The magnitude of expression changes that were shared between SCA and CE reticulocytes was in general greater in SCA (Fig. 3C), likely reflecting a robust hypoxic response to severe anemia in SCA. Genes with shared expression changes between SCA and CE had no enriched GO or KEGG at 5% FDR. Genes with SCA-specific increased expression are enriched in GO “ubiquitin-dependent protein catabolic process”, “protein polyubiquitination”, and “protein ubiquitination”. Genes with SCA-specific decreased expression are enriched in GO “cytoplasmic translation” and “translation” and KEGG "ribosome" and "coronavirus disease—COVID-19" (STable 5, Fig. 3D).

Erythroid expression variation that correlates with hemoglobin concentration and hematocrit in SCA

PBMCs are easily obtainable peripheral blood cells normally comprised of lymphocytes, monocytes, dendritic cells22 and a small amount of erythroid progenitors23,24. PBMCs from SCA contain elevated amounts of erythroid progenitors due to accentuated erythropoiesis9,17. We correlated erythroid expression variation with clinical variation employing deconvolution analysis on PBMC expression data. Deconvolution analysis may use cell/tissue-specific marker genes to dissect gene expression variation in samples with cell/tissue heterogeneity19. The study included 151 SCA patients 19–72 years old under steady state (mean ± SD age 37 ± 12 years; 53% female; mean ± SD hemoglobin concentration 86 ± 14 g/L). For the 1226 genes differentially expressed in SCA reticulocytes, we first assessed their PBMC expression correlation with a 16-gene signature of erythroid progenitors20 in the 151 SCA patients. We identified 673 genes whose PBMC expression correlated with the erythroid gene signature, i.e., genes suitable for deconvolution analysis.

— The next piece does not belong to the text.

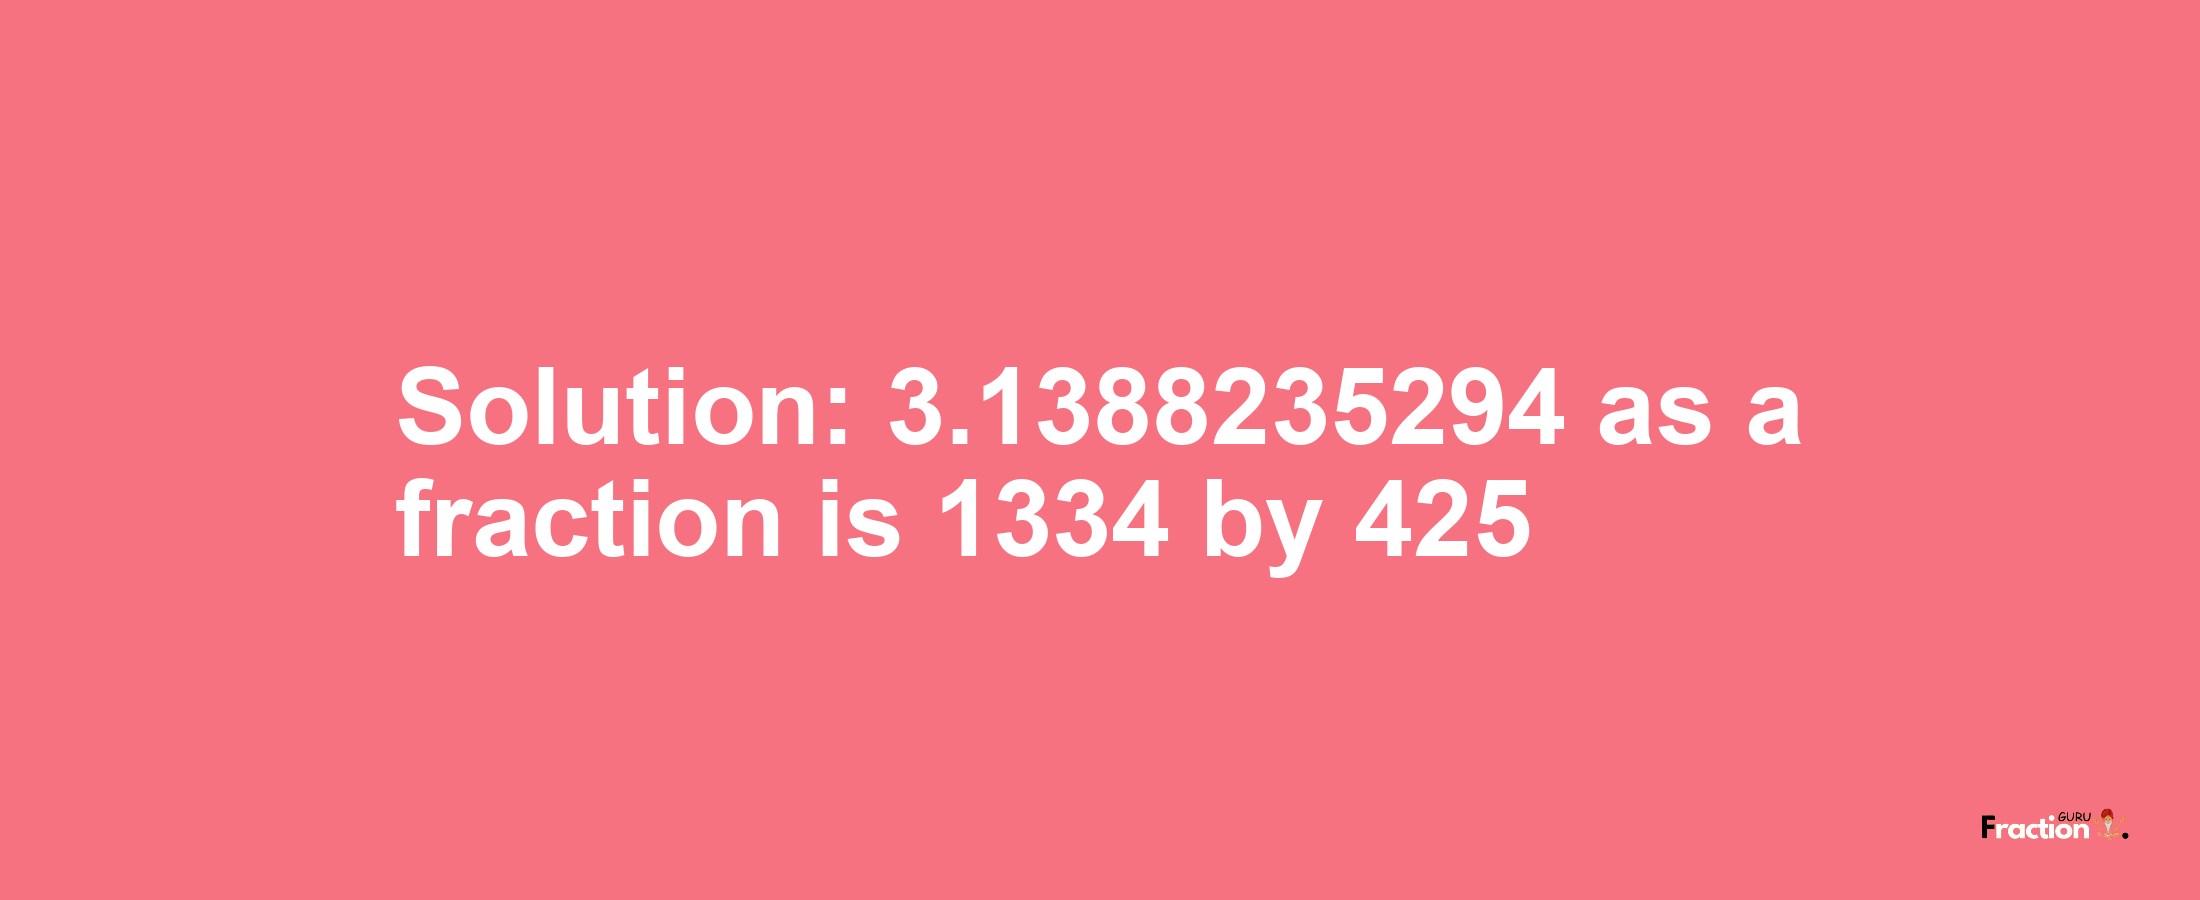 Solution:3.1388235294 as a fraction is 1334/425

We correlated erythroid expression of the 673 genes in PBMCs with quartiles of hemoglobin concentration or hematocrit, adjusting for hemolysis defined as percent reticulocytes (“Methods”). When hemolysis is accounted for, more abundant hemoglobin or higher hematocrit signify more successful terminal differentiation and thus serve as proxies of more efficient erythropoiesis. The analysis was stratified by hydroxyurea treatment and restricted to 131 patients without blood transfusion. We detected 54 genes whose increased erythroid expression consistently correlated with higher hemoglobin concentration and higher hematocrit at 5% FDR (STable 6, Fig. 4). The expression of these genes was all increased in SCA reticulocytes relative to healthy individuals. Of the 673 genes subjected to deconvolution analysis, the 54 genes correlated with hemoglobin concentration and hematocrit are enriched with SCA-specific, increased expression (OR = 2.9, Fisher’s exact test P-value = 0.00063). The 54 genes are also enriched with GO annotations with key word “protein ubiquitination” (DCAF10, FBXO30, FBXO9, GCLC, LNX2, NEDD4L, PINK1, UBR2), “protein polyubiquitination” (MARCHF8, NEDD4L, TRIP12, UBE2H), and "ubiquitin-dependent protein catabolic process" (FBXL4, FBXO9, GCLC, NEDD4L, PINK1, TBL1XR1, TRIP12, UBAP1, UBE2H, UBR2, ZRANB1) (OR = 4.2, P-value = 7.5 × 10–5).

Figure 4
figure 4

Correlation of erythroid expression of 54 genes with hemoglobin concentration (Hgb) and hematocrit (Hct). (A,B) Illustration for the UBE2H gene as an example, where the slope of PBMC expression of UBE2H versus the 16-gene erythroid signature was greater in patients with higher levels of (A) Hgb and (B) Hct. The significant erythroid signature by Hgb or Hct interaction effect (see “Methods”) indicates elevated erythroid expression of UBE2H with higher Hgb or Hct. (C,D) Increase in erythroid expression per quartile increase in (C) Hgb and (D) Hct. Gene symbols in bold text refer to genes annotated by GO keyword “protein ubiquitination”, “protein polyubiquitination”, and “ubiquitin-dependent protein catabolic process".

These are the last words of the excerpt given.